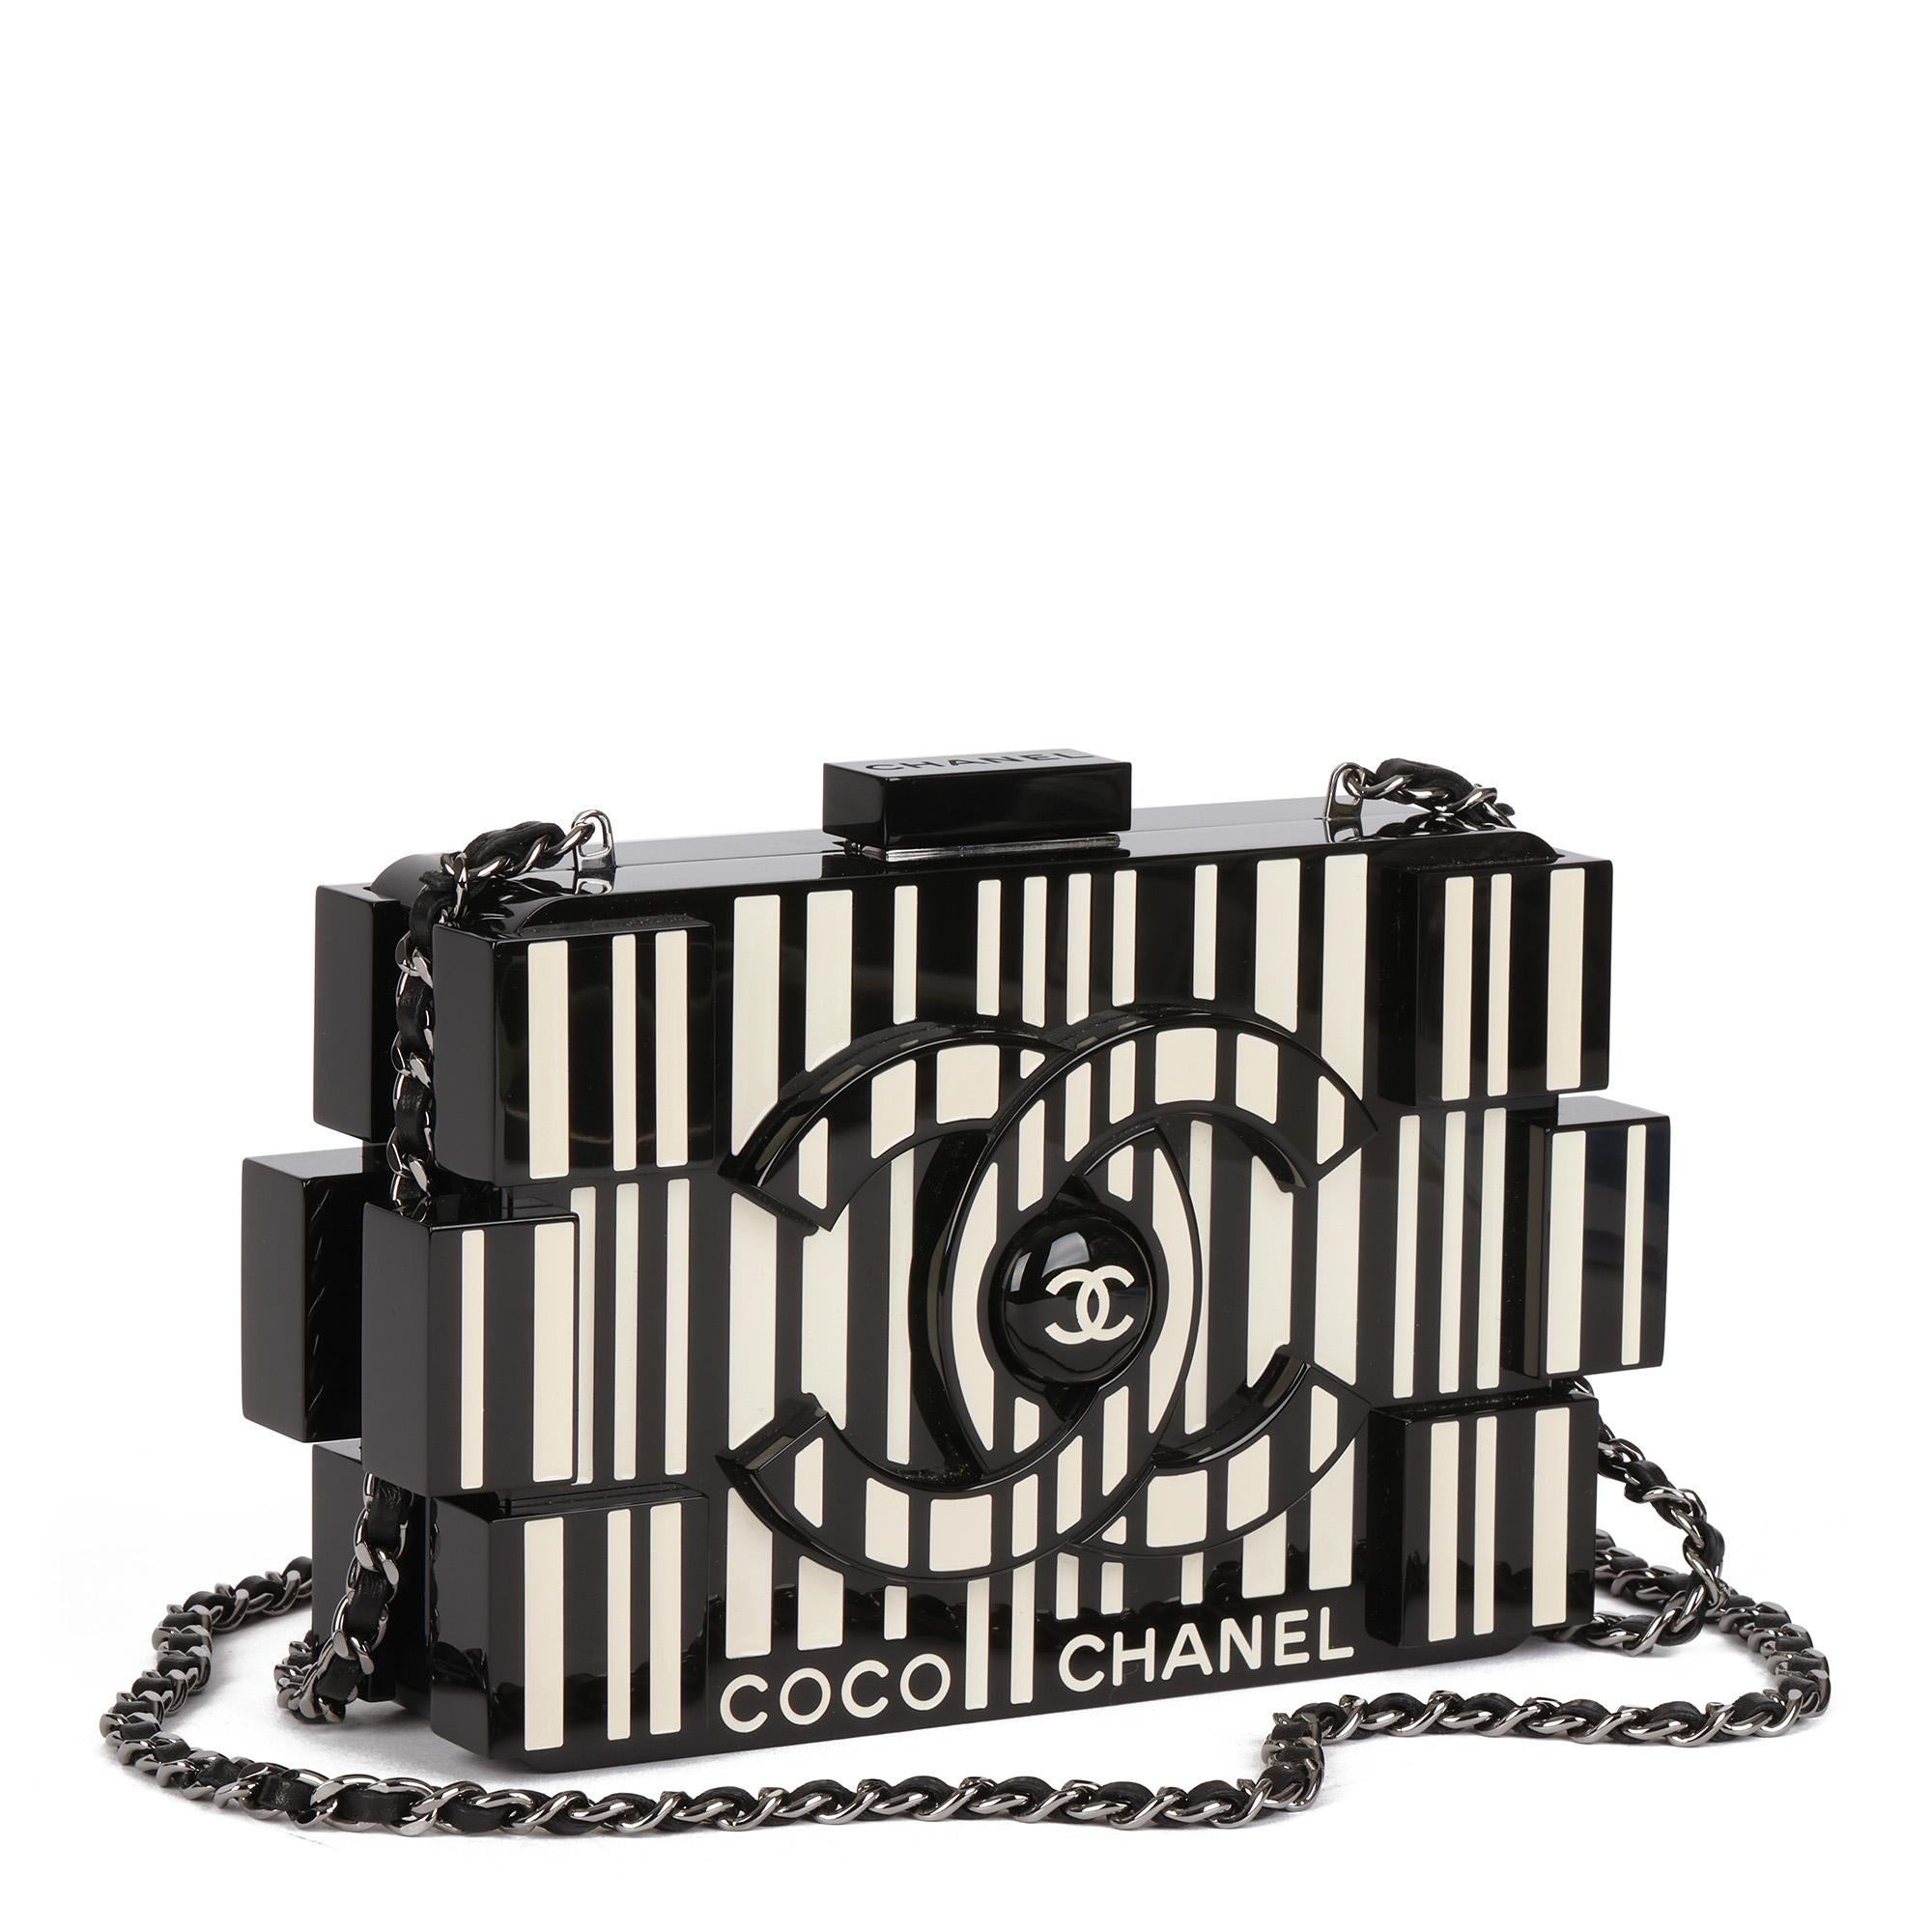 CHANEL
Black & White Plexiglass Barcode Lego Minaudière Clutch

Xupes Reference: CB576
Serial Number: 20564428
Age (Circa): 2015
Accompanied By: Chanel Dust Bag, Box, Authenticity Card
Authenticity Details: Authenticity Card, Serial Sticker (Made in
* * *
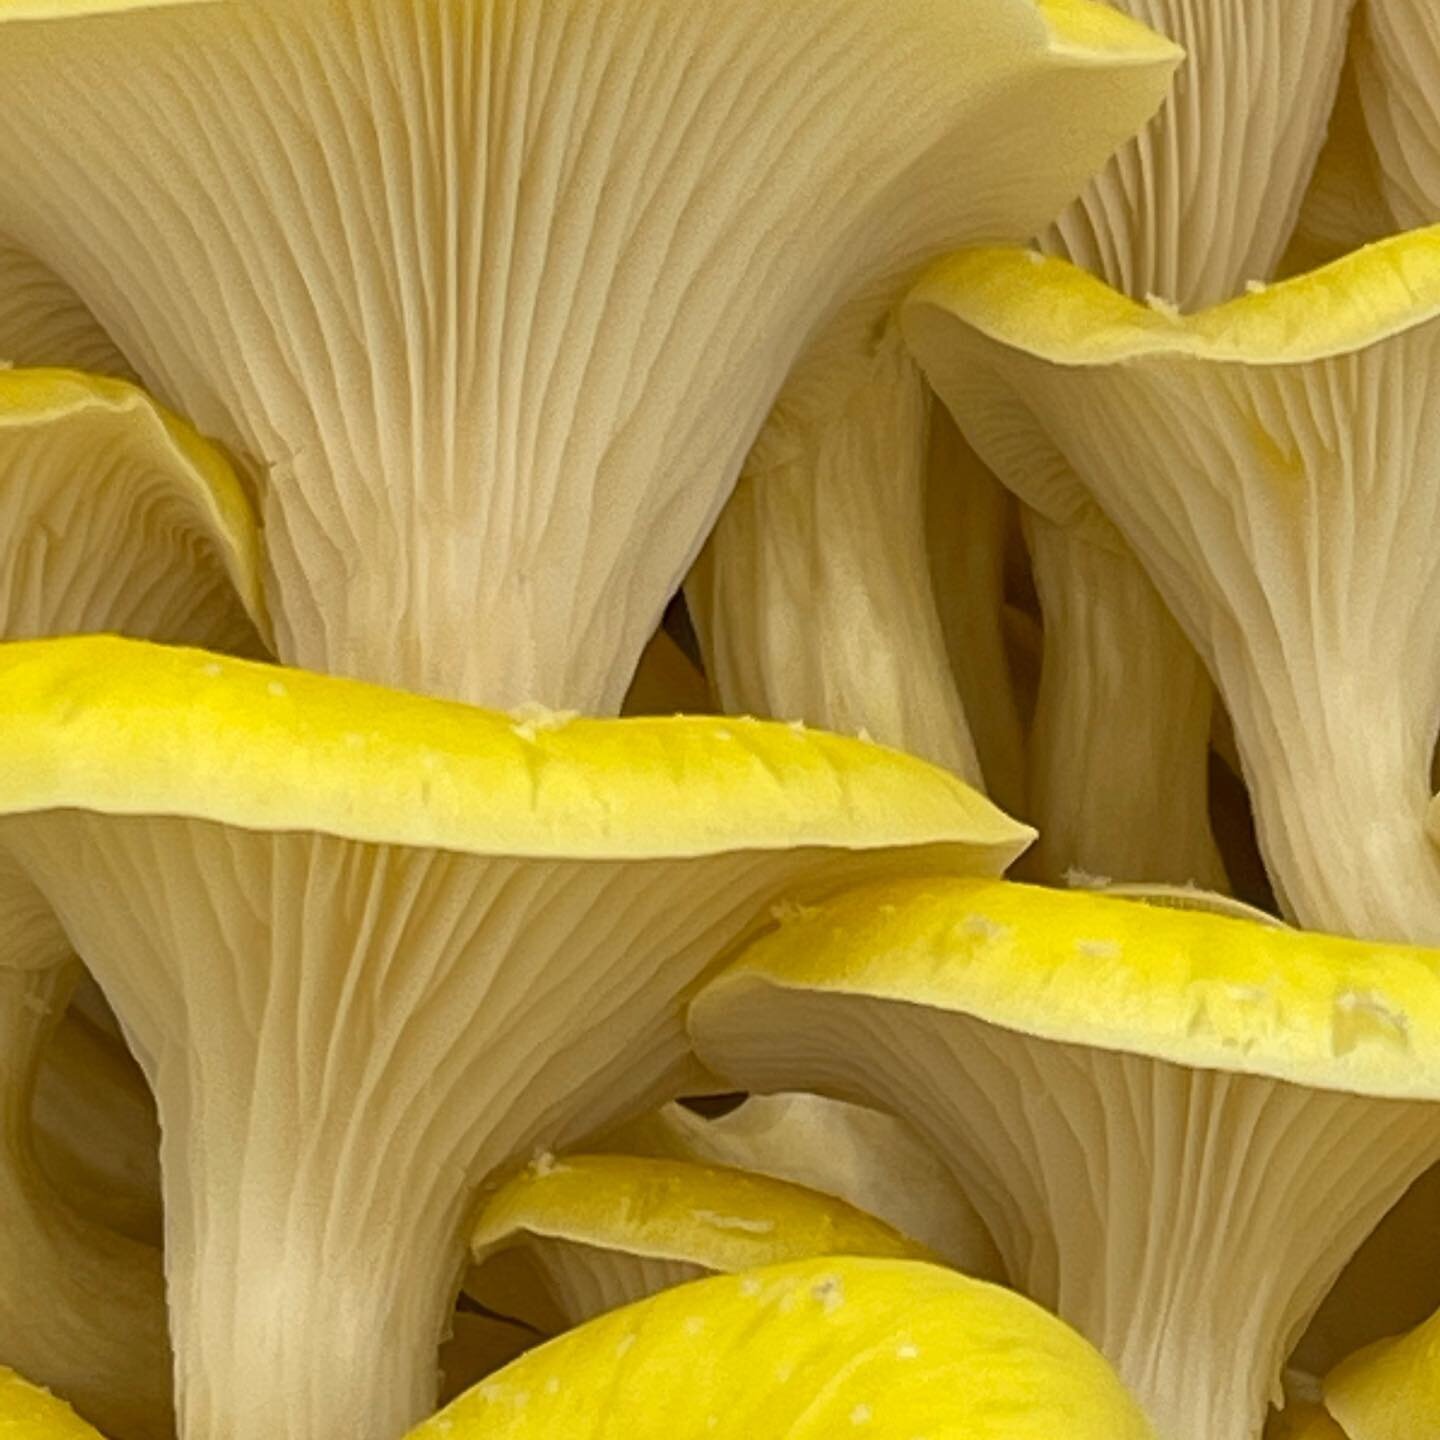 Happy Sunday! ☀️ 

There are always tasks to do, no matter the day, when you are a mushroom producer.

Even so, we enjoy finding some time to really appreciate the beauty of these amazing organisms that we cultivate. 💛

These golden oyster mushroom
--
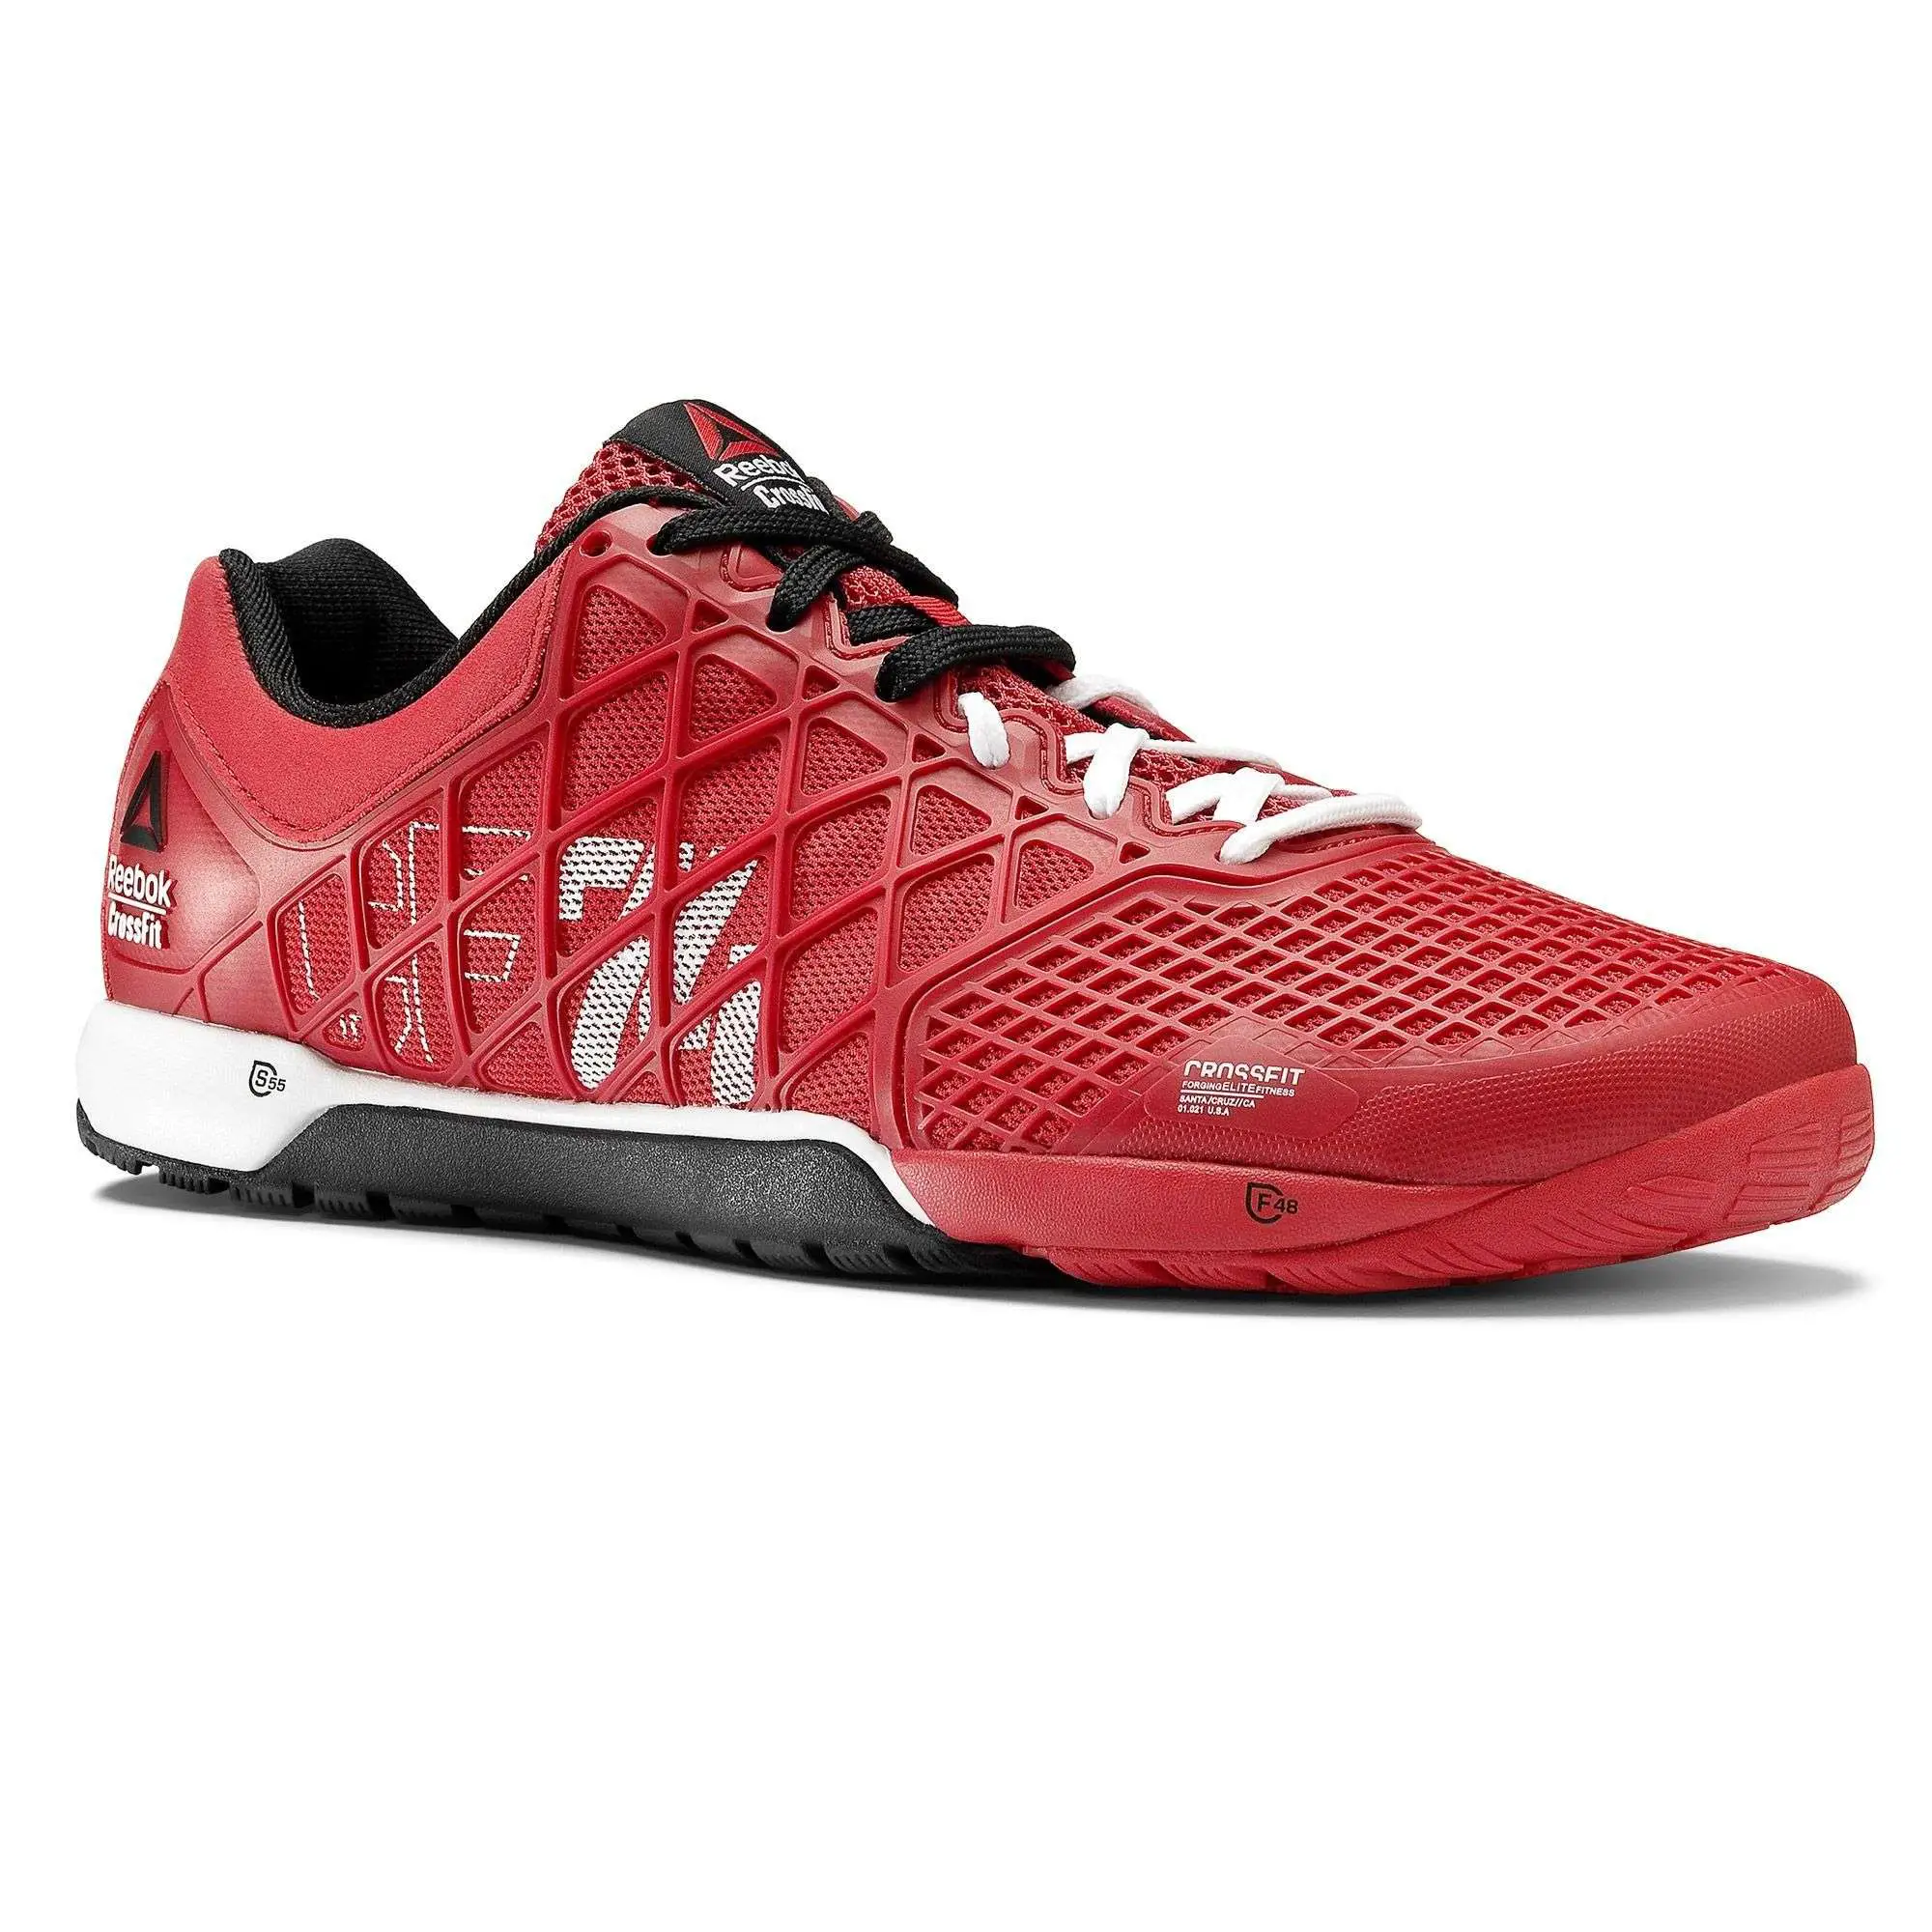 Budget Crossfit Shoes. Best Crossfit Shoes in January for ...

• PROBLEM: Find the line with "Age (Circa): 2015" in the entries above. Retype it and each line after it, exactly, through the line with "Authenticity Details: Authenticity", and stop there.

• TASK OUTPUT:
Age (Circa): 2015
Accompanied By: Chanel Dust Bag, Box, Authenticity Card
Authenticity Details: Authenticity Card, Serial Sticker (Made in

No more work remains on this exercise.